Thursday, November 2, 2017

Strange Destiny by Hank Janson

STRANGE DESTINY by Hank Janson (1956)

When I was in my ‘vintage paperback collecting frenzy’ early in the 21st century, I bought a lot of Hank Janson books from ebay. Like my fascination with Badger Books, I wanted in on something that wasn’t very well known to most people who read, something that was a bit of a niche. Best known for the risqué paintings that adorned many of his early books, Hank Janson was a pseudonym used by a number of writers from the 1940s to the 1960s. According to many of their covers, these books sold in their millions; as you can see, this one claims 'NINE MILLION SALE'. A bit vague. Is that 9 million of this book? or is it 9 million books by Hank Janson sold? The latter is probably more likely, but that seems hard to believe, as you hardly ever see Janson’s books in second-hand bookshops, but who knows, maybe most of them were thrown away after reading, or destroyed by angry mums who found them in their son’s bedrooms.
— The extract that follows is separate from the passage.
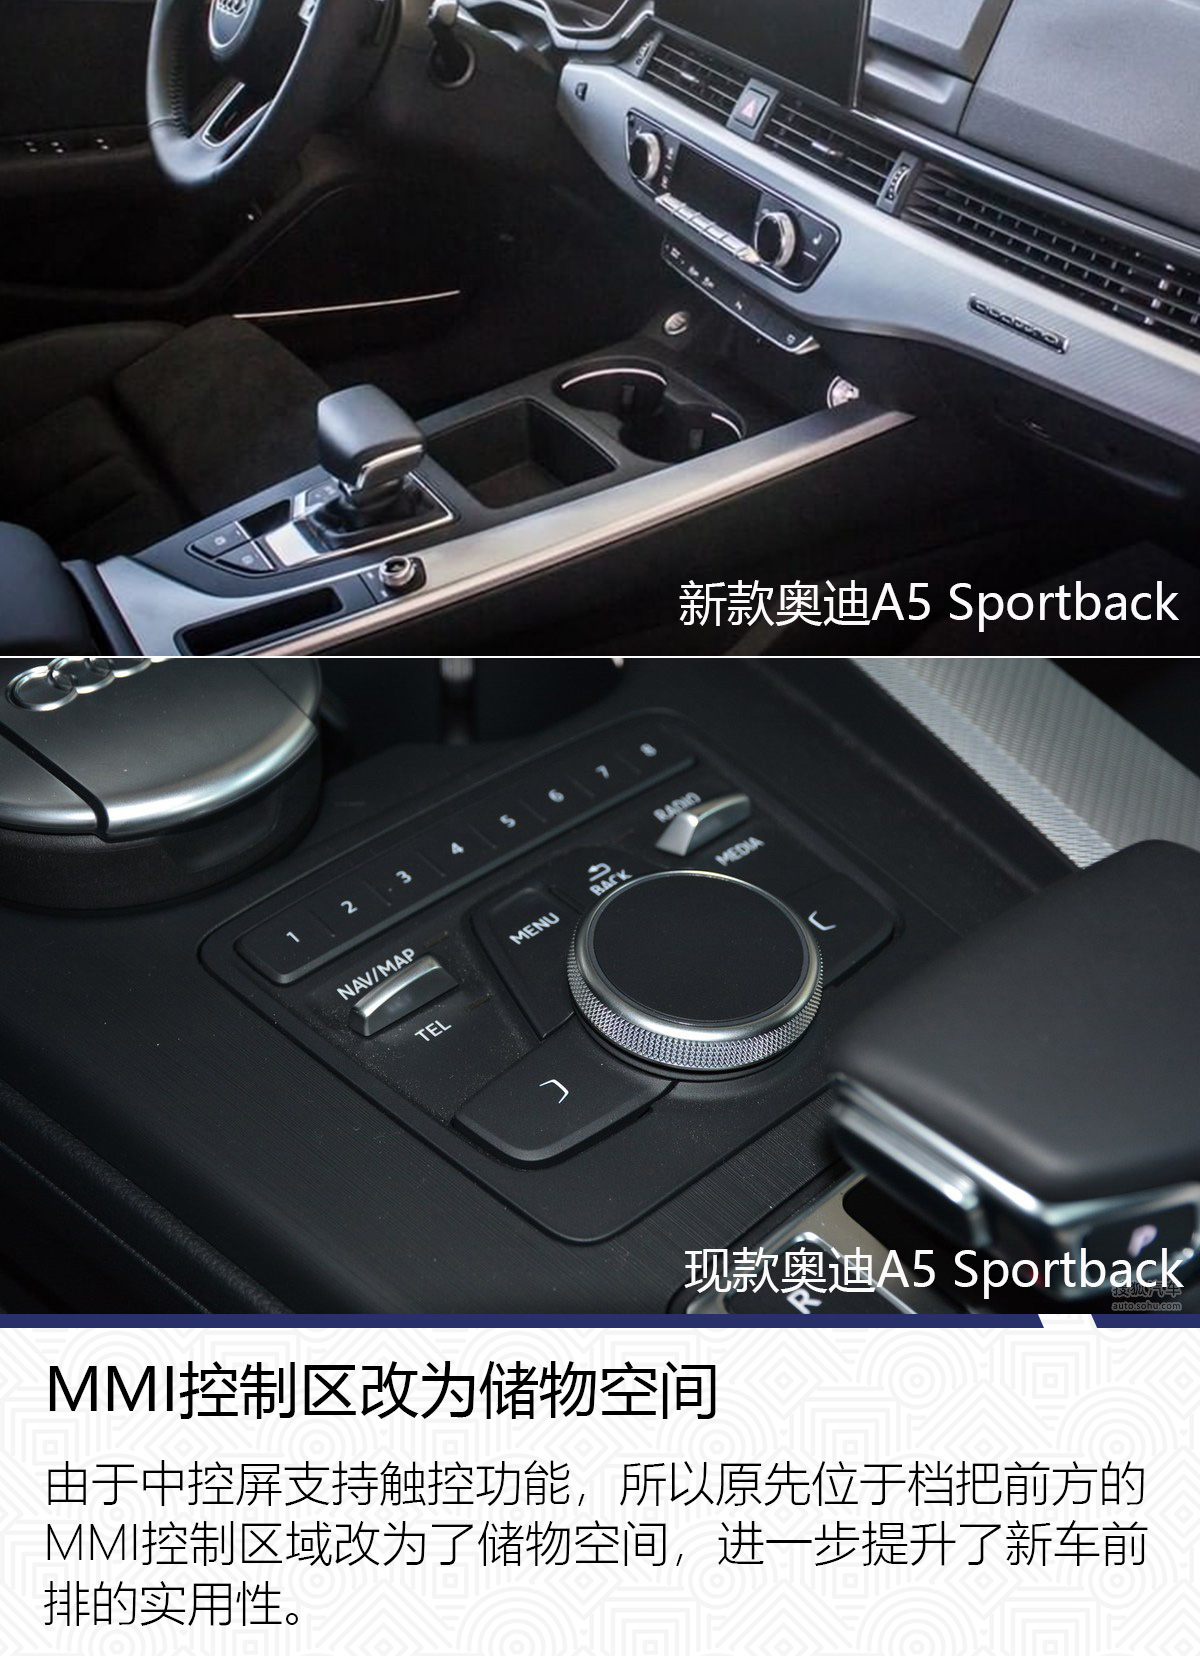 将于北京车展亮相 新款奥迪A5 Sportback细节揭秘

Alternatively, they may just be hoarded in book collector's stashes, up and down the land.

Although Janson is the nominal author of these books, he’s also the main character, which completely blows any credibility out of the water. Also, they are all about an American character, and are mainly set in the US, but were all written by British authors. Some of the books were published in the US in the 1960s, but I don’t know how well received they were. Strange Destiny is reasonably believable as an actual American novel, and doesn’t read like a faux-yankee product of the Mushroom Jungle UK pulp explosion. It reads like a third-rate Raymond Chandler, rather more soft than hard-boiled.

In this torrid tale, Janson, an investigative journalist who is always getting into sticky situations, goes on a short holiday to meet an acquaintance who thinks his life is in danger. When he gets there he finds an empty house, a sexy young wife married to an older man with a jealous temper, and a missing acquaintance. Other elements include a tempting housemaid, some scuba diving and a lot of spying with binoculars. Things unfold quite predictably, as these things do, with a reasonable twist but a surprising lack of gunplay and very little sexual activity, both of which are staples of other Janson novels. A pretty straightforward Janson, missing some of those more ridiculous or outrageous elements that make Jansons worth tracking down.